YOUR OBJECTIVE » Set down the data below in full and exactly, minus the pictures.

DATA BLOCK »
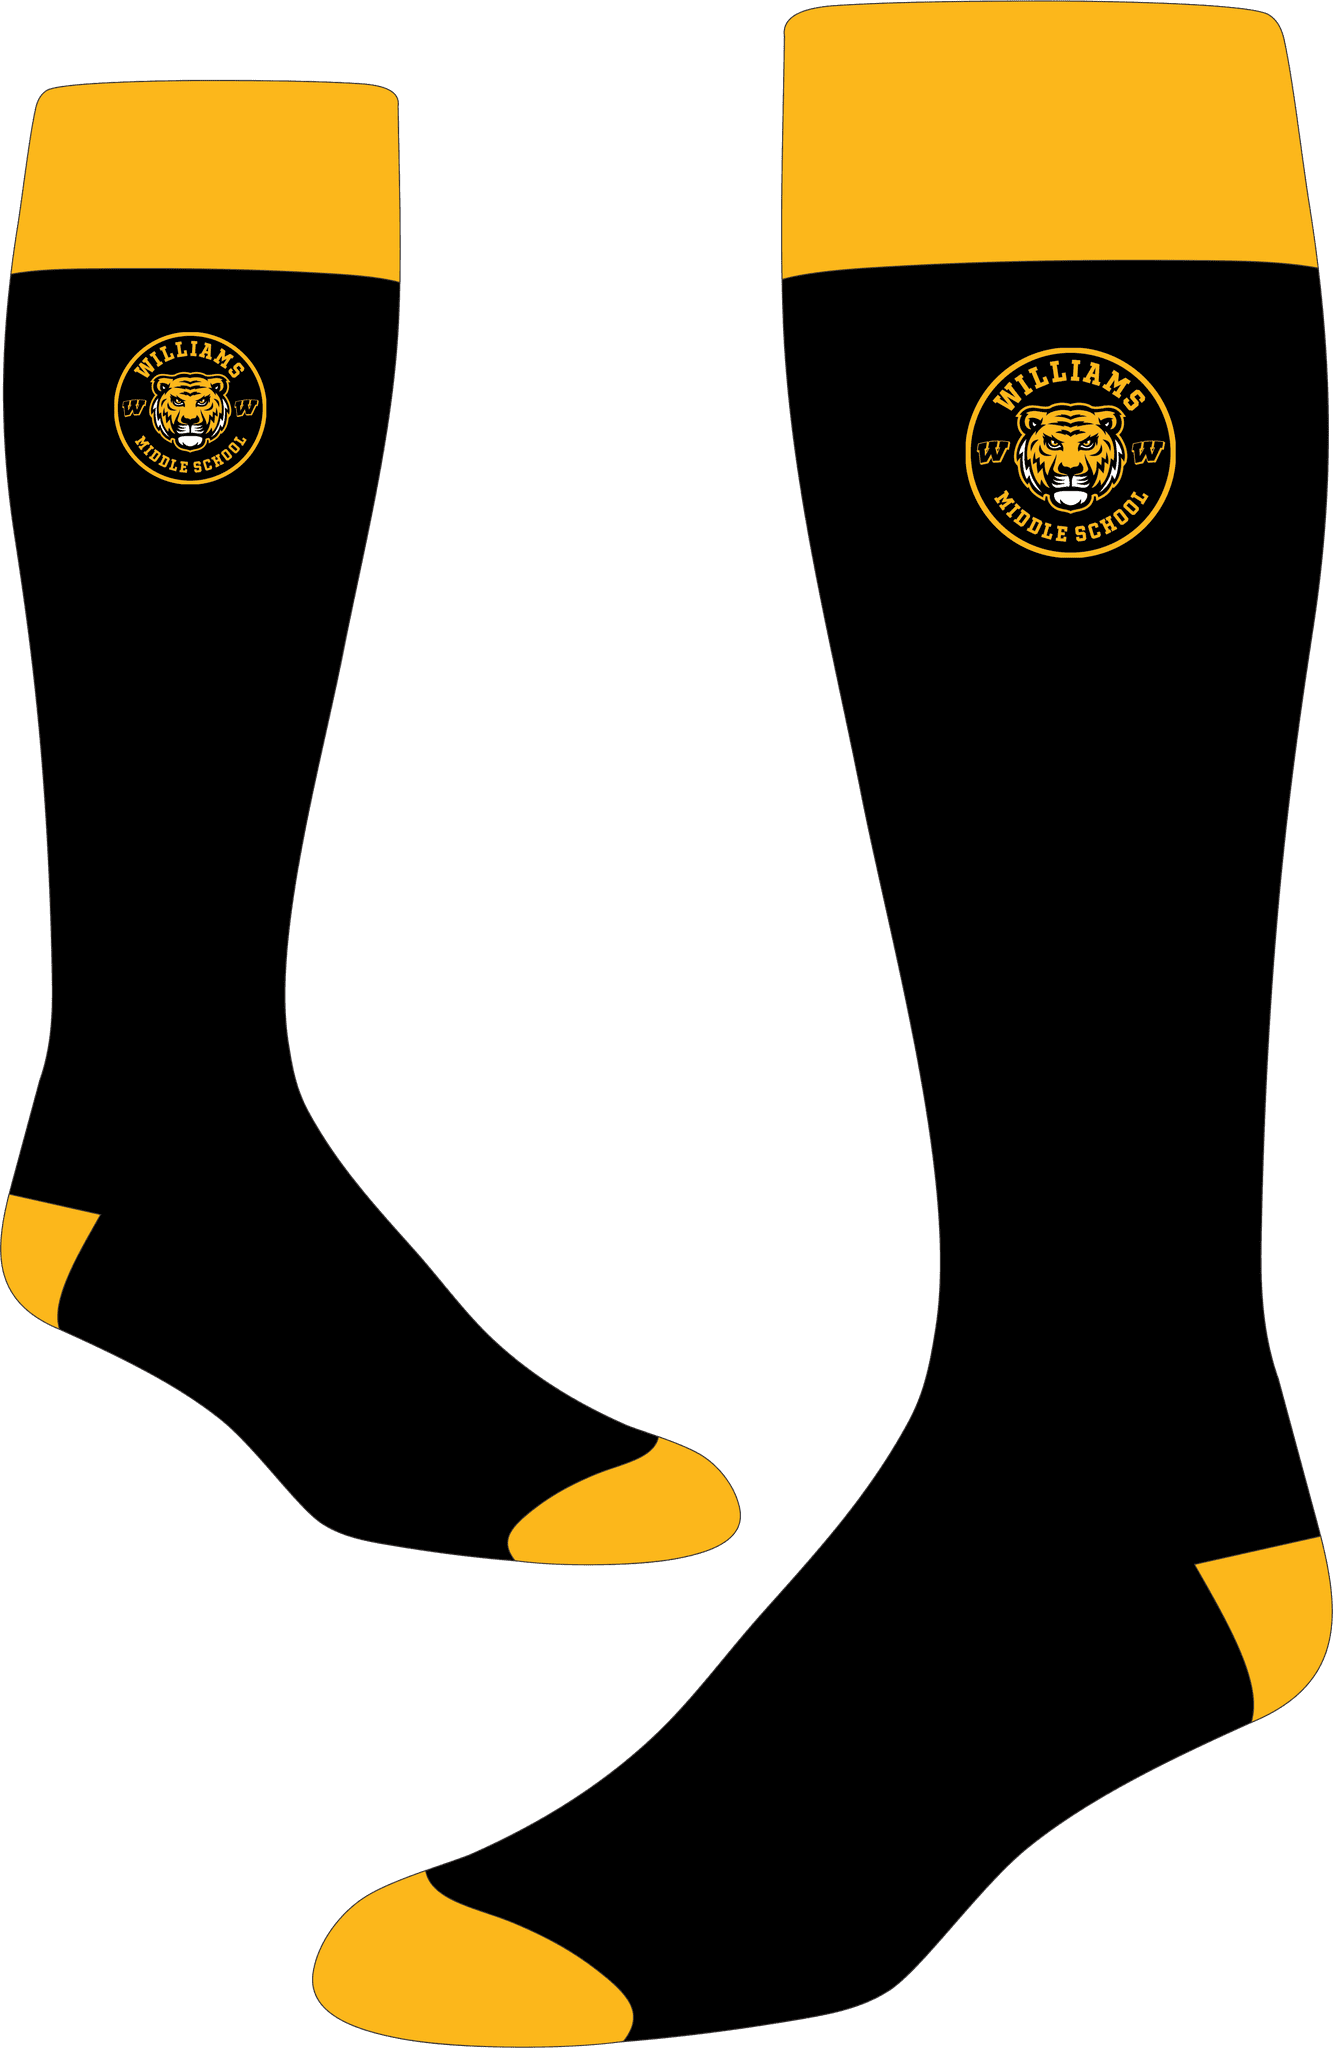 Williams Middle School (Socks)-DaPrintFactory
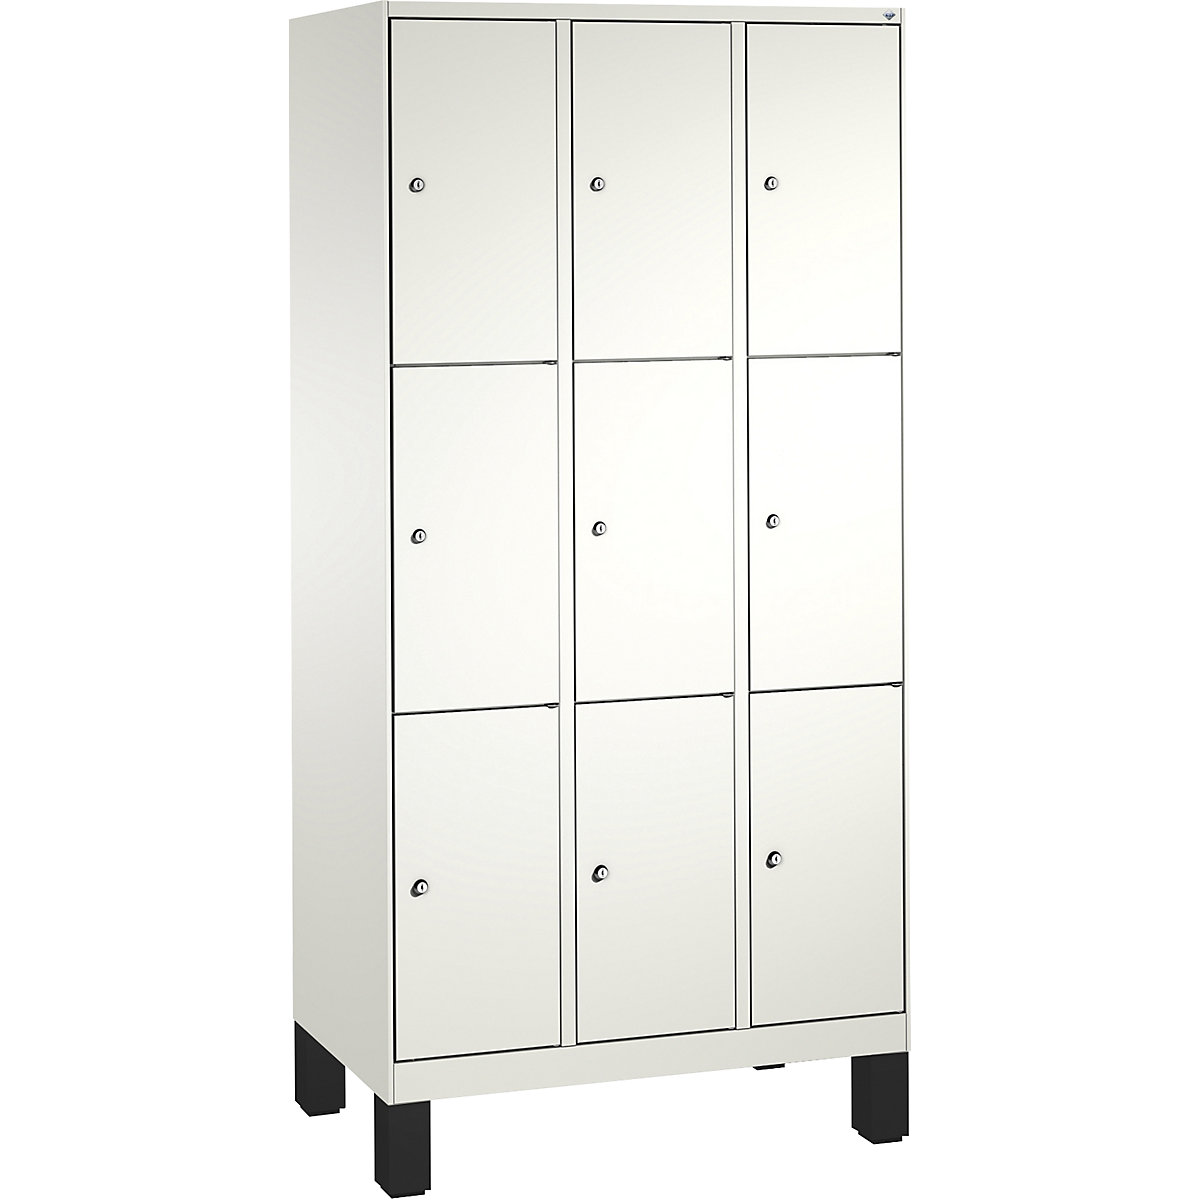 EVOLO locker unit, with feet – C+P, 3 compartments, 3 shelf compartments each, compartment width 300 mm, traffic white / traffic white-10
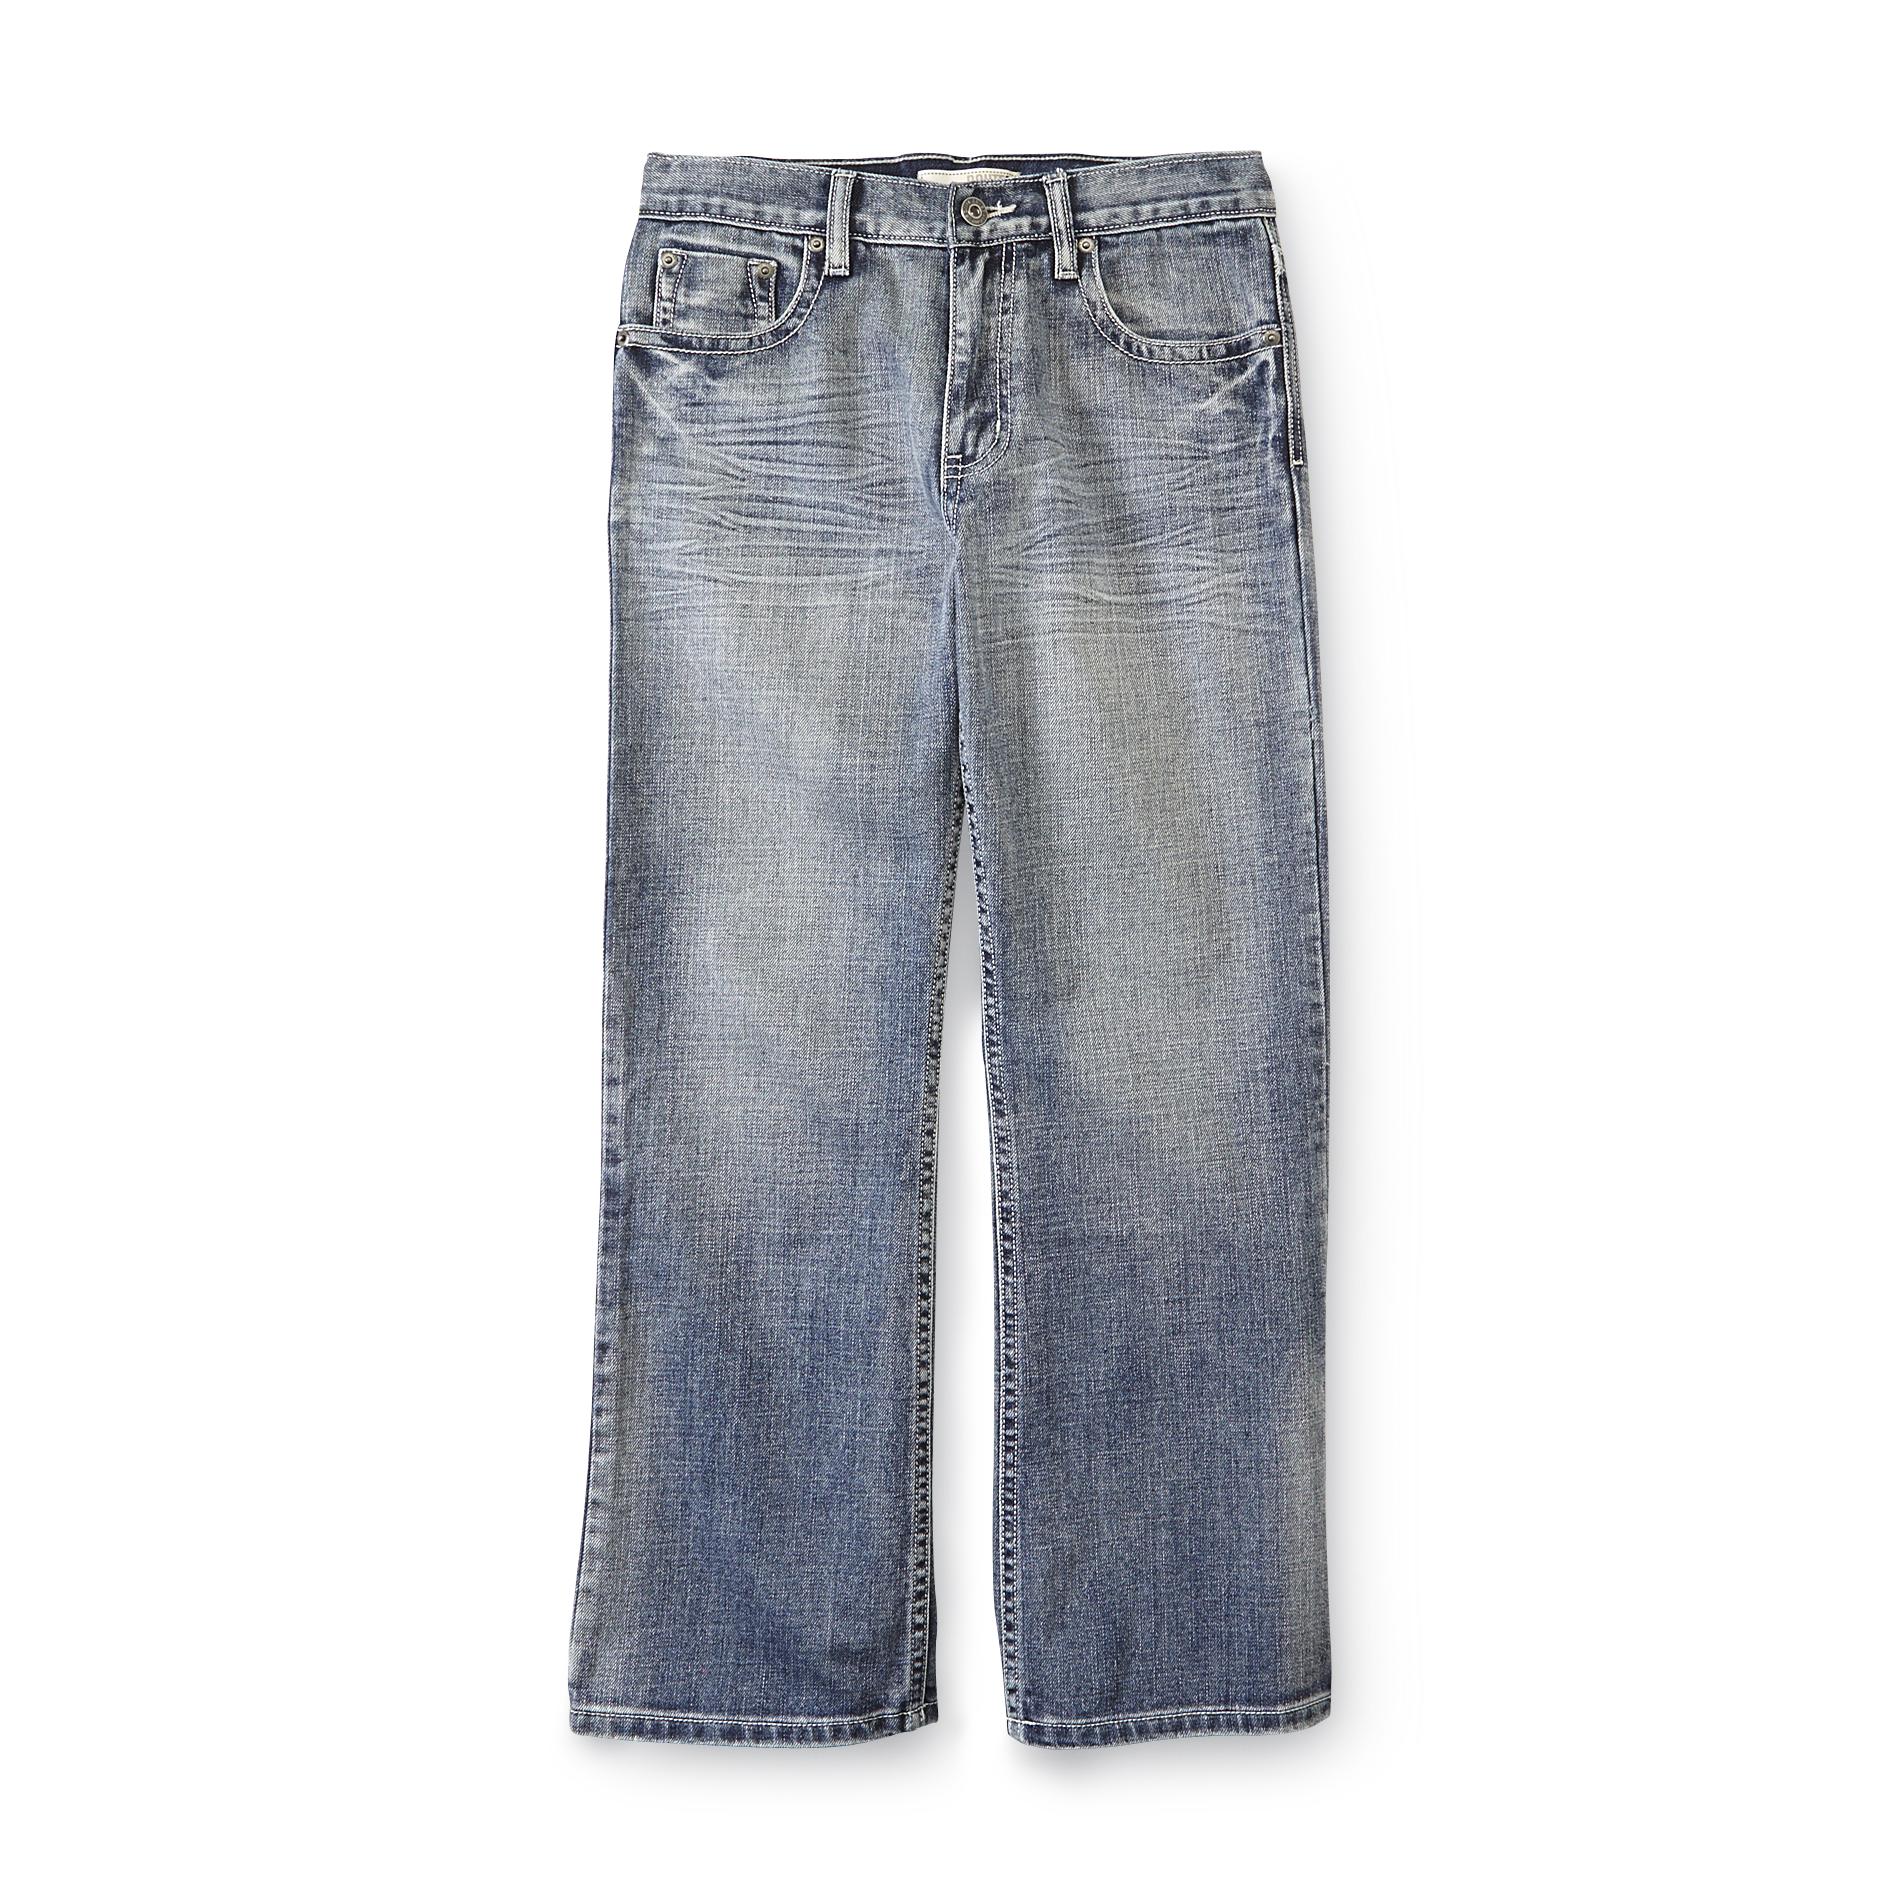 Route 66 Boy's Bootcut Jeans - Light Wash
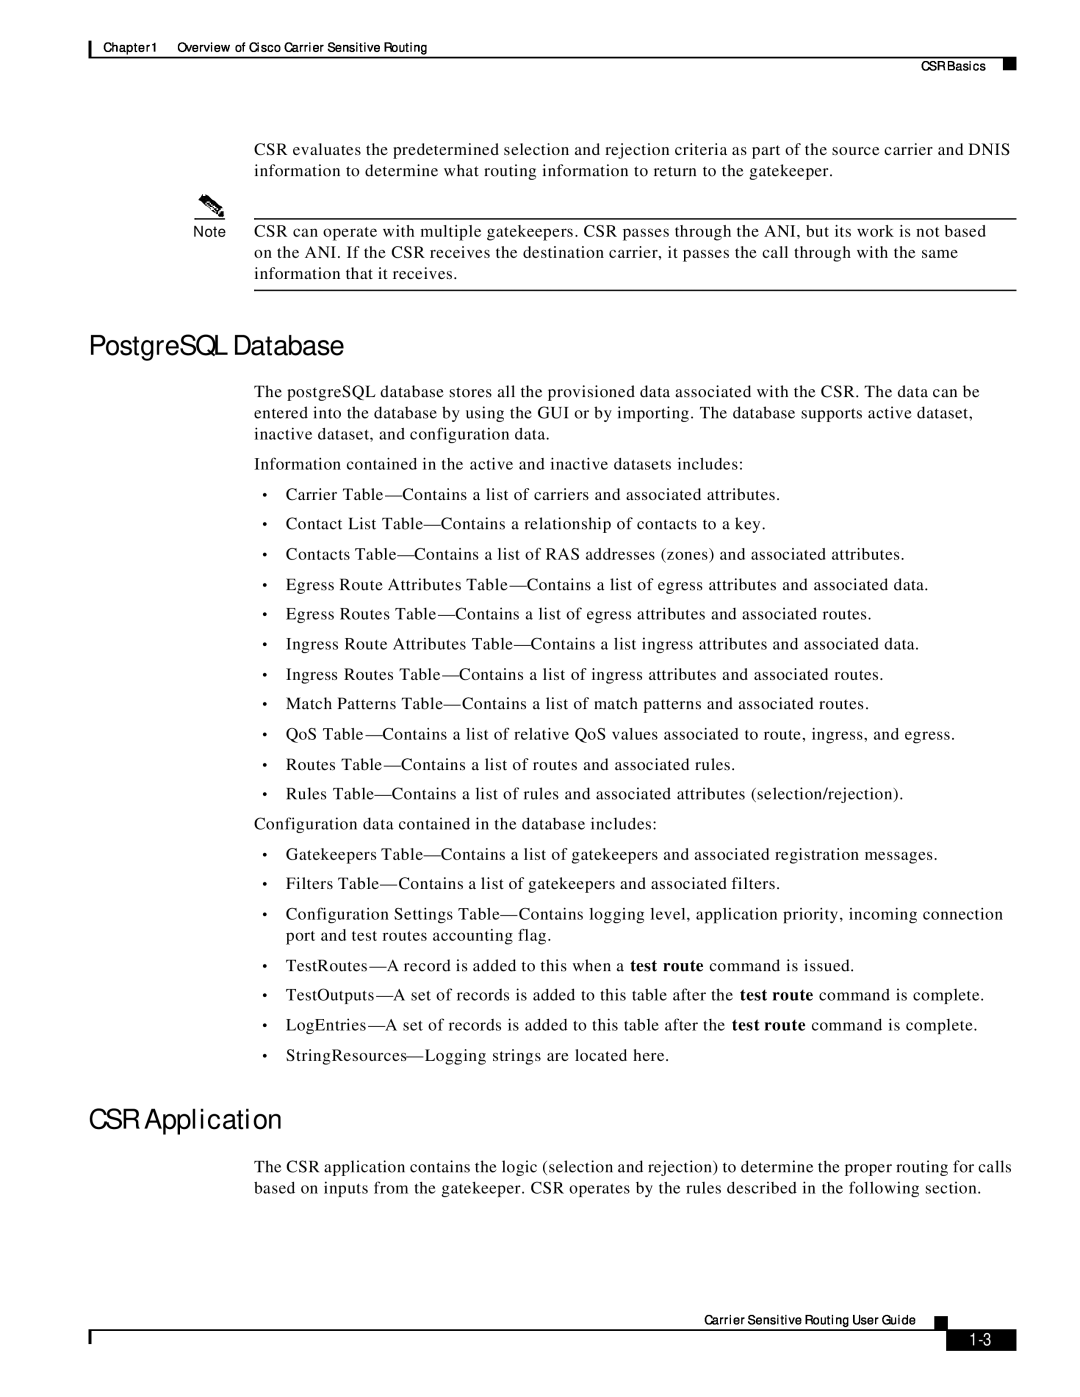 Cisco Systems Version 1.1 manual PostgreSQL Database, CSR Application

ANSWER TO THE EXERCISE »
 Williams Middle School (Socks)-DaPrintFactory
 EVOLO locker unit, with feet – C+P, 3 compartments, 3 shelf compartments each, compartment width 300 mm, traffic white / traffic white-10
 Route 66 Boy's Bootcut Jeans - Light Wash
 Cisco Systems Version 1.1 manual PostgreSQL Database, CSR Application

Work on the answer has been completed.